TASK DETAILS: Lines below starting with the line with "Icebergs And Glaciers" and going on through the line with "Teenage girl holding" must be output exactly; the rest of the records must be left out.

START INFORMATION PROVIDED

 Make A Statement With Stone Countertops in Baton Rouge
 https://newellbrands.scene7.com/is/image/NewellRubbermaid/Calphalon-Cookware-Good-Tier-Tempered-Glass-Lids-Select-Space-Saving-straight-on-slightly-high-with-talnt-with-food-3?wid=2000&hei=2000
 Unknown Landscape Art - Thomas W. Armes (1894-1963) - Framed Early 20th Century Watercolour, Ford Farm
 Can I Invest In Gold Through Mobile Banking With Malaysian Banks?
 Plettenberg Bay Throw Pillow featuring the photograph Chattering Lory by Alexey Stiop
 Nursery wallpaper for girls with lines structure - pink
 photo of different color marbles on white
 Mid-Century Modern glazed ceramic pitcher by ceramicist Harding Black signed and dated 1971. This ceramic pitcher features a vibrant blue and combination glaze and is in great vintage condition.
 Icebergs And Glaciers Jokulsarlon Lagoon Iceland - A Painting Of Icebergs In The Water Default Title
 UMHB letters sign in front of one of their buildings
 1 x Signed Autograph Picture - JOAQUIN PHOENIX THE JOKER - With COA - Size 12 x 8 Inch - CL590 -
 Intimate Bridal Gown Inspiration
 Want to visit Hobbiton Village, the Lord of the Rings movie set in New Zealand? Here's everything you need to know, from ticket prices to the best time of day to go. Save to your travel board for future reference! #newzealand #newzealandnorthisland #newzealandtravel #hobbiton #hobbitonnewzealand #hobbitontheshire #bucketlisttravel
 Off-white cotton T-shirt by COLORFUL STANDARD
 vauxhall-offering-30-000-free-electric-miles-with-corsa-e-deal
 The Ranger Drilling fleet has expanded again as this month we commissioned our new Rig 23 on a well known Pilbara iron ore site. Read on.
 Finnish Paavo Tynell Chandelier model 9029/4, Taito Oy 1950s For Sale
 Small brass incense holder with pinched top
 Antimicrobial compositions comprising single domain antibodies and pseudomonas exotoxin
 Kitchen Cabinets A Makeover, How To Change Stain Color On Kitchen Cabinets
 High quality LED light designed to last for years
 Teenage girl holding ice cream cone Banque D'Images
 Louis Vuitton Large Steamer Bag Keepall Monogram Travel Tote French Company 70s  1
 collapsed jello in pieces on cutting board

END INFORMATION PROVIDED

REPLY:
 Icebergs And Glaciers Jokulsarlon Lagoon Iceland - A Painting Of Icebergs In The Water Default Title
 UMHB letters sign in front of one of their buildings
 1 x Signed Autograph Picture - JOAQUIN PHOENIX THE JOKER - With COA - Size 12 x 8 Inch - CL590 -
 Intimate Bridal Gown Inspiration
 Want to visit Hobbiton Village, the Lord of the Rings movie set in New Zealand? Here's everything you need to know, from ticket prices to the best time of day to go. Save to your travel board for future reference! #newzealand #newzealandnorthisland #newzealandtravel #hobbiton #hobbitonnewzealand #hobbitontheshire #bucketlisttravel
 Off-white cotton T-shirt by COLORFUL STANDARD
 vauxhall-offering-30-000-free-electric-miles-with-corsa-e-deal
 The Ranger Drilling fleet has expanded again as this month we commissioned our new Rig 23 on a well known Pilbara iron ore site. Read on.
 Finnish Paavo Tynell Chandelier model 9029/4, Taito Oy 1950s For Sale
 Small brass incense holder with pinched top
 Antimicrobial compositions comprising single domain antibodies and pseudomonas exotoxin
 Kitchen Cabinets A Makeover, How To Change Stain Color On Kitchen Cabinets
 High quality LED light designed to last for years
 Teenage girl holding ice cream cone Banque D'Images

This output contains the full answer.